The Nunns’ son David passed away in 2009. “That’s what motivates us for justice,” said Judy. If their son was alive today, “He’d say, ‘Mom don’t take that treatment.’”
JPMorgan Chase was one of a number of large banks involved in the mortgage meltdown that preceded the Great Recession.
The business practices of JP Morgan Chase, and other mortgage lenders, were later investigated. In a 2013 settlement deal with the U.S. government, JPMorgan Chase agreed to pay some $13 billion in fines and other payments related to mortgages and mortgage securities that helped cause the financial crisis that began in 2007.
When asked if the couple ever considered just cutting their losses and moving on, the Nunns said no.
“It’s the principle,” said Judy. “We were brought up to tell the truth and treat others as you want to be treated. We’ve had our homeowner’s rights taken away. It wasn’t our fault.”
The couple said they are making their story public so that people realize what they and others who have lost their homes to foreclosure have experienced.
“When you hear of someone in foreclosure you think they’ve done something wrong,” said Judy.
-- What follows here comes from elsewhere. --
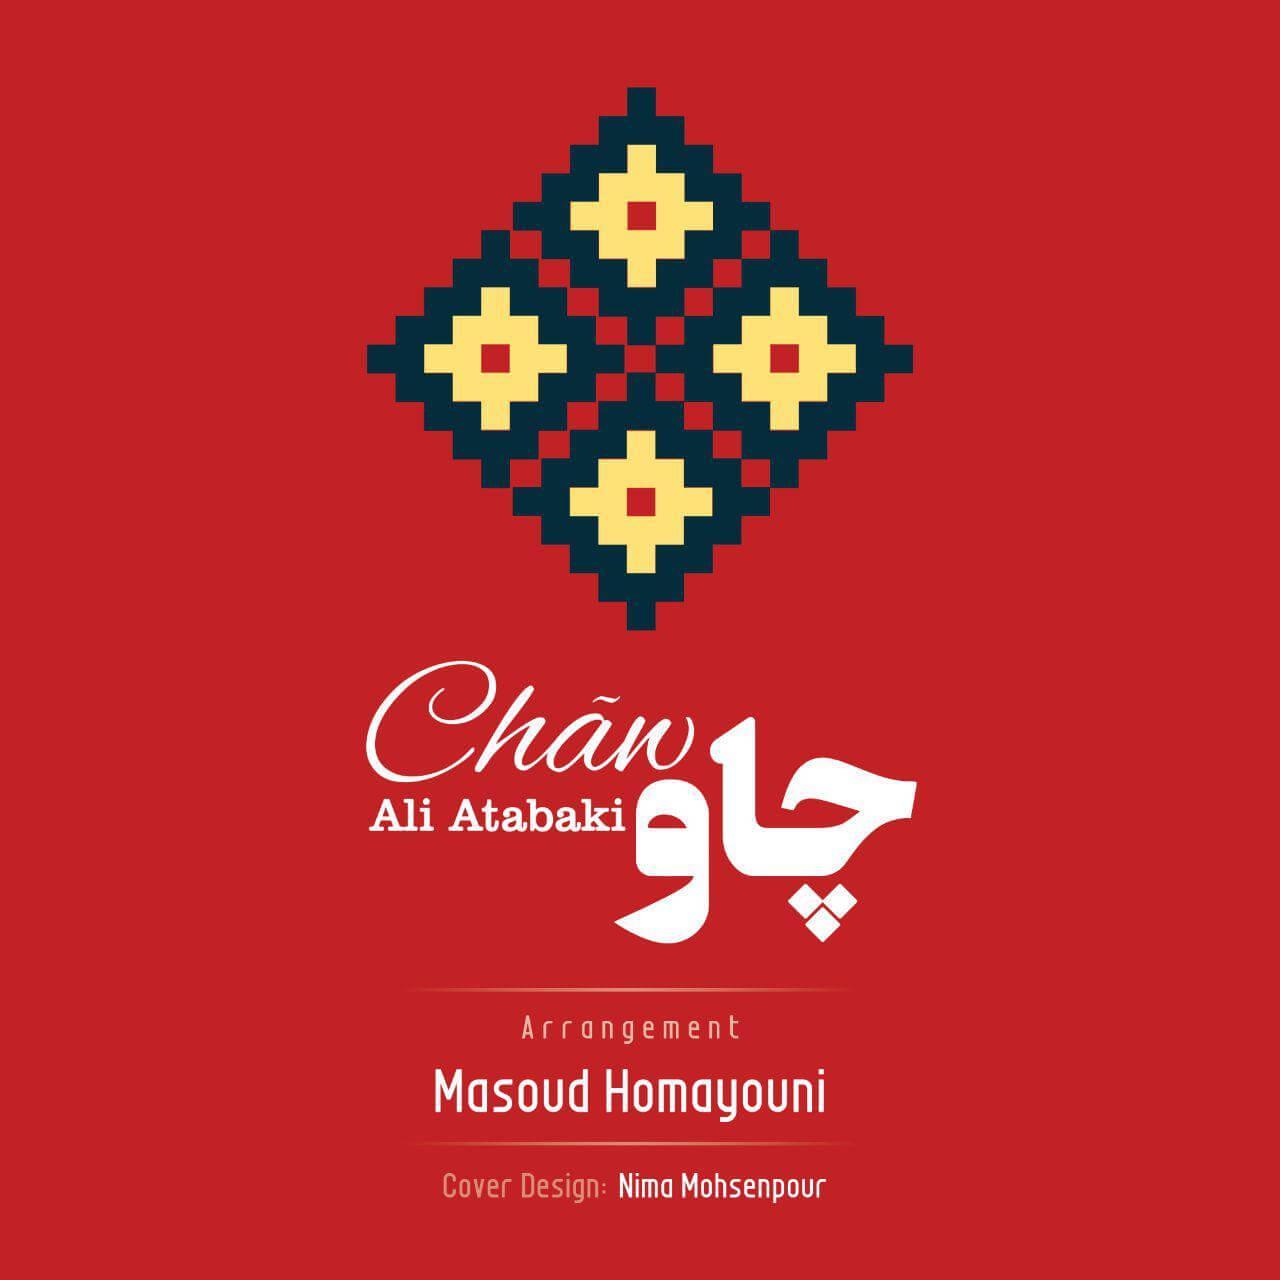 دانلود آهنگ جدید علی اتابکی به نام چاو

But don’t look down on them, she said. “Most of the time it’s not their fault.”
As the cases drag on, the Nunns said they are getting by. They live in a house on El Monte Way in Napa -– a home with a JP Morgan Chase mortgage. Jerry Nunn receives some income from a military disability policy. He was in the Army from 1959 to 1962.
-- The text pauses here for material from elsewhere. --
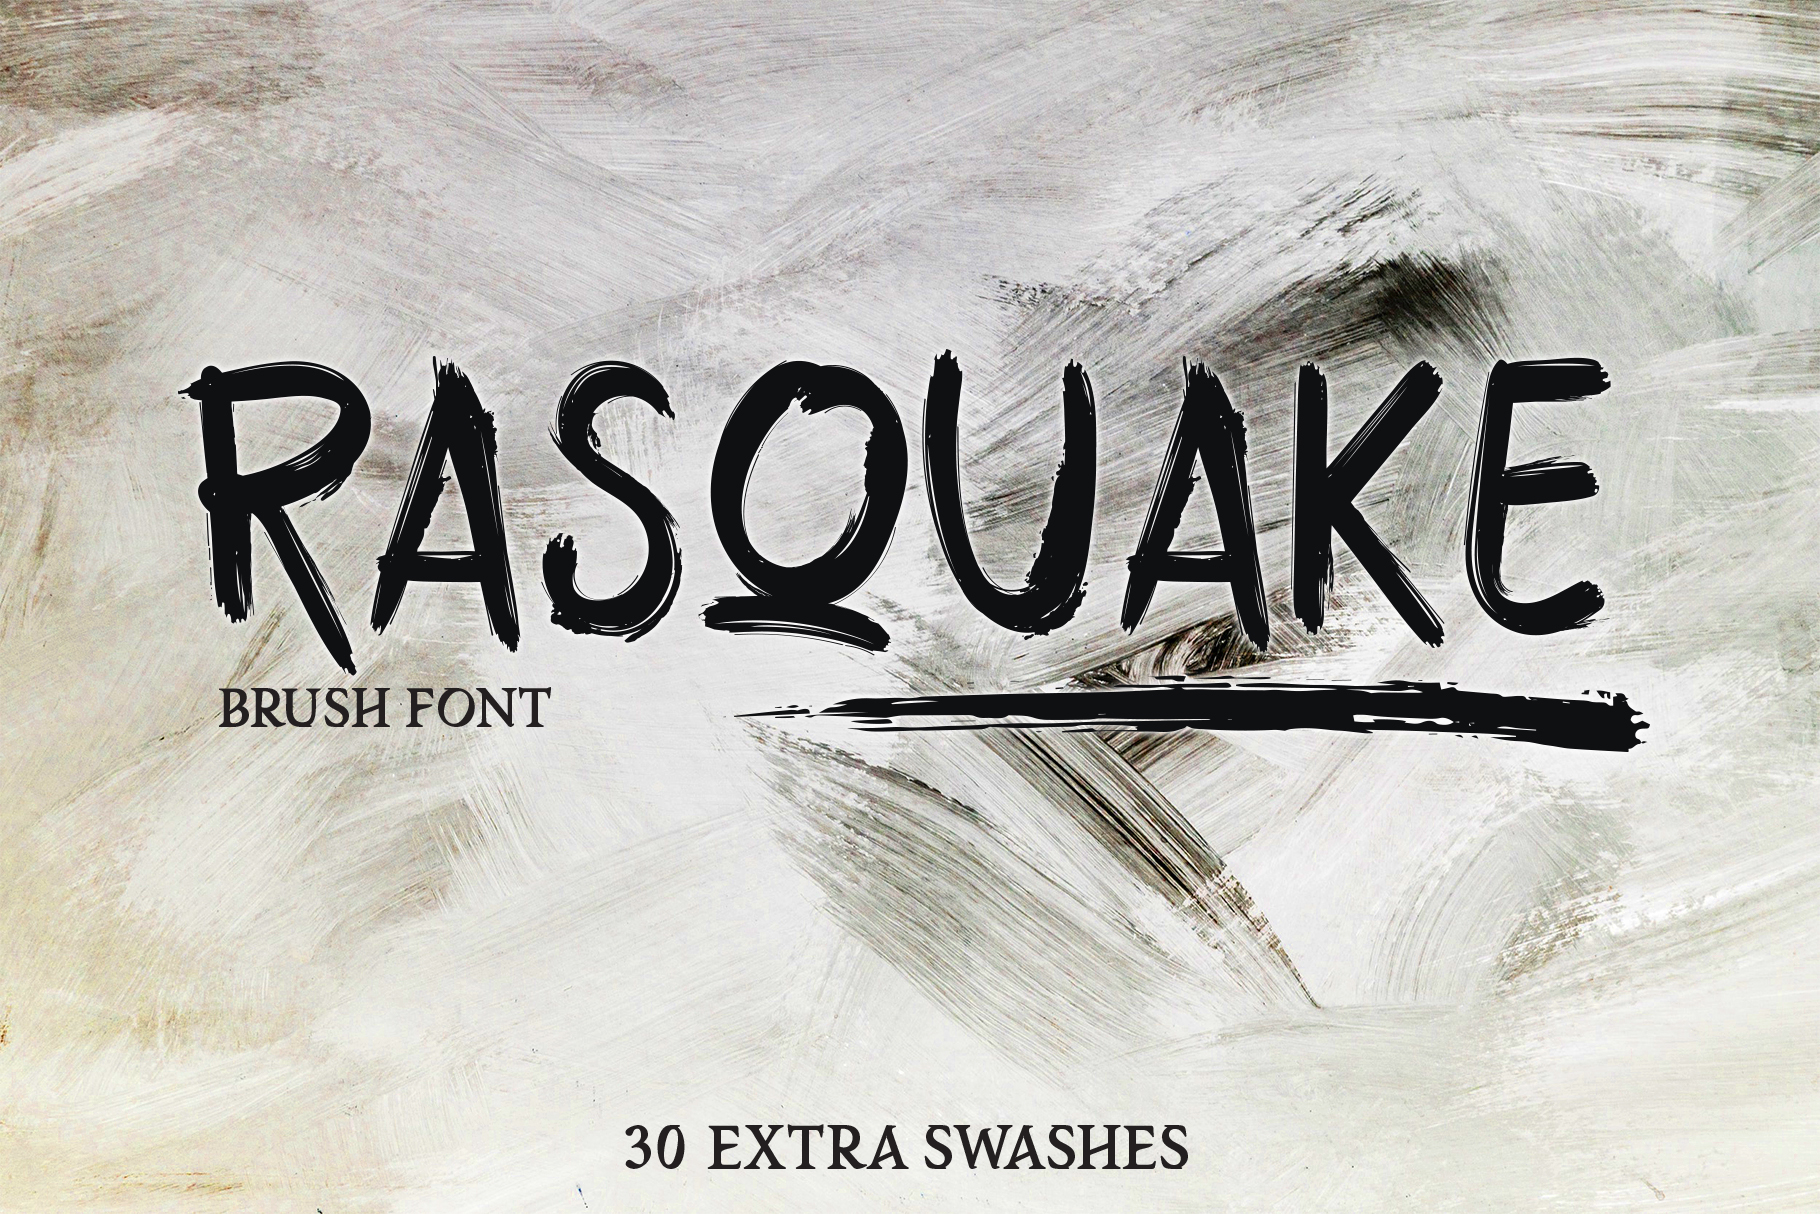 RASQUAKE brush font EXTRA swashes example image 1

However, life isn’t easy, the two said. By having their commercial plans thwarted on Seminary Street, they have lost both past and future income. For health reasons, doctors have advised them to stop attending legal depositions.
“We’re trying to enjoy our grandkids,” said Judy. “But this has really consumed us.”
Recently, a “coming soon” for sale sign was installed in front of the house on Seminary Street. The house has been vacant for some time.
Jerry Nunn said he’s not sure how the property could be sold while the possession of the home is contested.
To draw attention to their situation, the couple stood outside their former home on Friday holding a large yellow banner.
“Chase Bank stealing our home” the sign said. A few cars that passed by honked in support and Jerry Nunn waved in reply.
Nunn, a former paratrooper in the 101st airborne division, quoted something he learned in the Army: “There is no such thing as quit.”